There is no evidence this is the case.
Here is Mr Trump giving his thoughts on the caravan last night:
Away from the border, two congressmen say a Mexican immigrant who had sought refuge in a North Carolina church has been rejected in a formal request to stay in the U.S. to support his family.
Representatives GK Butterfield and David Price have announced that Samuel Oliver-Bruno's petition for deferred deportation was denied.
Mr Oliver-Bruno, 47, was at an immigration office last week to pursue that application when he was detained. The congressmen say he left the church after 11 months because immigration officials told him to have his fingerprints taken as part of the application.
Here is a wrap on the latest on the comments from the president.
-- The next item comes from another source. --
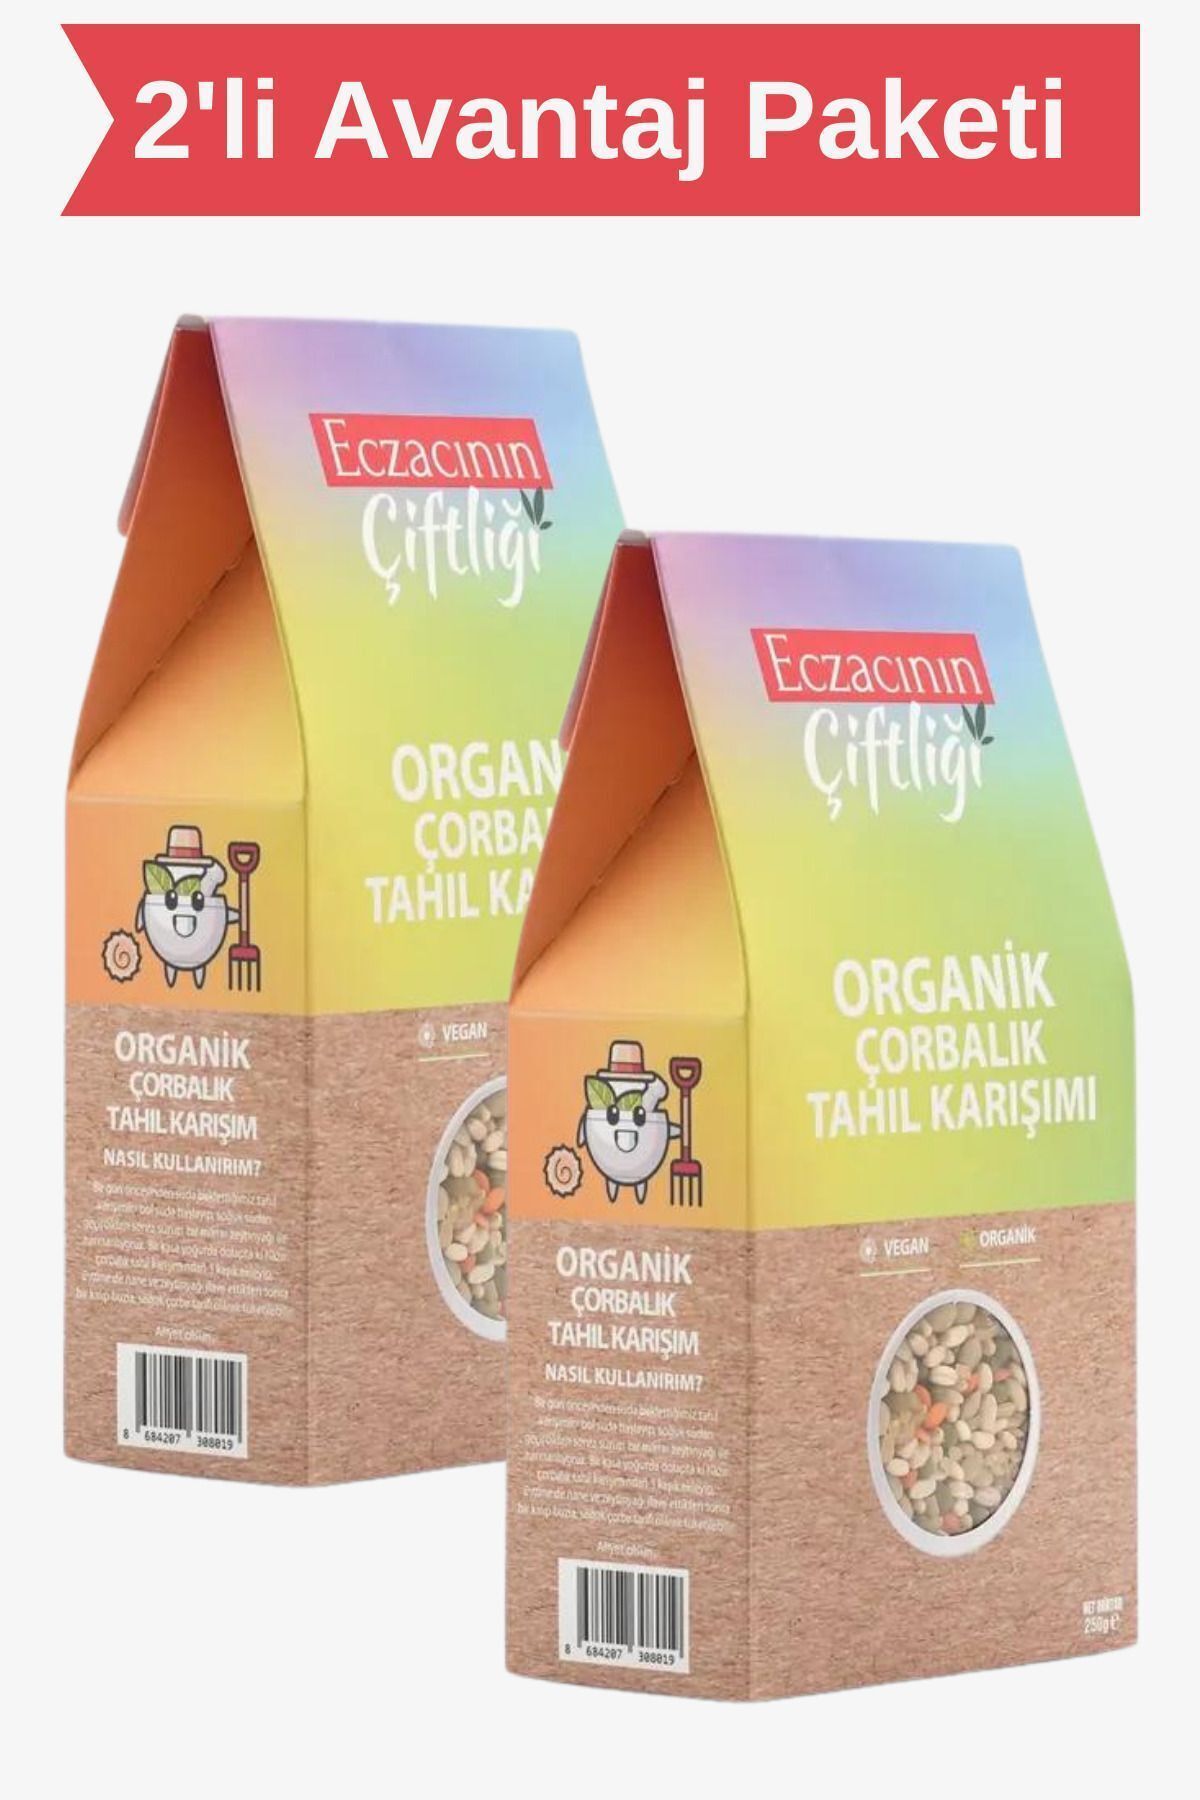 Eczacının Çiftliği Organik Çorbalık Tahıl Karışımı 250 gr X 2 Adet / Organik Sertifikalı Vegan Sağlıklı Ve Lezzetli

In other Mexico-US news, the man who will head Mexico's finance ministry in December has said officials are expected to sign a revamped trade agreement with the United States and Canada at the Group of 20 (G20) summit in Argentina this week.
Carlos Urzua said late Monday that "all possibilities" point to a signing in Argentina.
Mr Trump has said he would close the entire border with Mexico even if it meant putting trade, particularly in vehicles, in jeopardy.
Beto O'Rourke may have lost his bid for the Senate seat from Texas to incumbent Republican Ted Cruz, but he has become a darling of the Democratic party in the process.
Mr O'Rourke has come out with his own response to the tensions with the migrant caravan from his perspective as a native of El Paso, Texas.
He wrote in a post on Medium: "It should tell us something about her home country that a mother is willing to travel 2,000 miles with her 4-month old son to come here. Should tell us something about our country that we only respond to this desperate need once she is at our border. So far, in this administration, that response has included taking kids from their parents, locking them up in cages, and now tear gassing them at the border."
Mr O'Rourke addressed the heart of the conflict over the weekend at the San Ysidro port of entry near San Diego, California, and Tijuana, Mexico: asylum applications.
Of the approximately 5,000 migrants camped out at a sports complex in the Mexican city, many are seeking asylum in the US as they flee rampant gang violence in their native Honduras, Guatemala, and El Salvador.
The US border agents, however, are processing less than 100 applications per day with murky timelines for those waiting.
Mr O'Rourke wrote: "Allow asylum seekers to petition for asylum at our ports of entry. They must do so peacefully and follow our laws; but we must also ensure the capacity to effectively and timely process those claims (right now 5,000 waiting in Tijuana and only 40 to 100 are processed a day)."